Dr. Andrew Futreal aims to accelerate the translation of genomic technologies into therapeutic applications. Before joining MD Anderson in July 2012, he was the co-director of the Cancer Genome Project at the Wellcome Trust Sanger Institute, where he continues to be an honorary faculty member. His chief scientific accomplishments include the identification of the BRCA1 and BRCA2 breast/ovarian cancer susceptibility genes, leading a pioneering effort in large-scale systematic cancer genomics leading to the identification the BRAF mutations in melanoma, ERBB2 mutations in non-small cell lung cancer and multiple new cancer genes in renal cell carcinoma. He has published over 182 papers in peer-reviewed journals. He received the NIH Public Service Award in 1995 for discovering the BRCA1 gene involved in subsets of breast and ovarian cancer.

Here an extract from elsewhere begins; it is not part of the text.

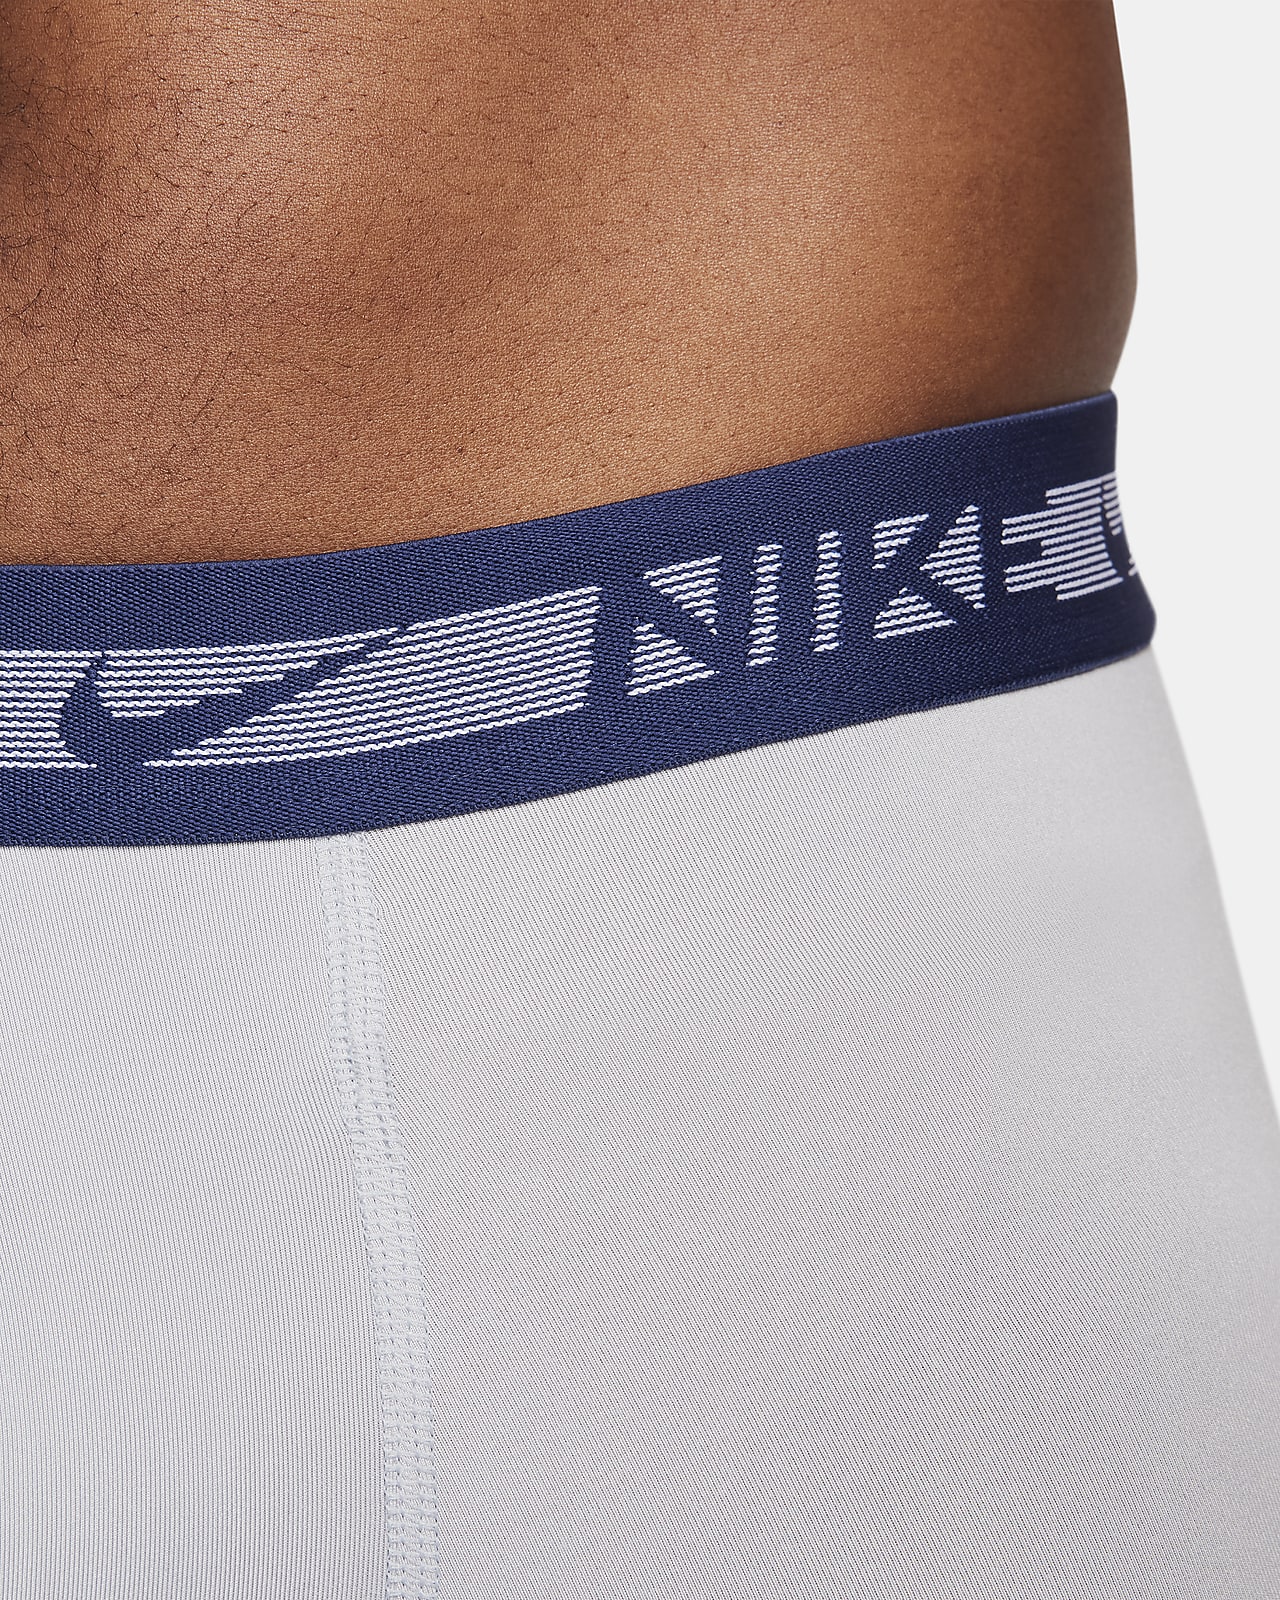 Nike Men's 3-Pack Dri-Fit Essential Micro Boxer Briefs, Black

At MD Anderson, Dr. Futreal applies his knowledge of cancer genomics to improve both short-term and long-term patient outcomes extending to cancer survivorship. He is a platform leader for genomics and informatics for the Moonshot initiative. The big challenge in sifting through patient genomic data to mine clinically useful information is comprehending heterogeneity. Not only are tumors heterogeneous from one patient to another, but there is also intratumor heterogeneity—a state where subclonal subpopulations within the same tumor accumulate different kinds of mutations over time. All these factors make genomic data interpretation a task of mammoth complexity, and he plans to tackle it by integrating datasets from patient populations and analyzing them across time to identify genomic determinants of response, resistance, toxicity and survival in order to improve patient outcomes.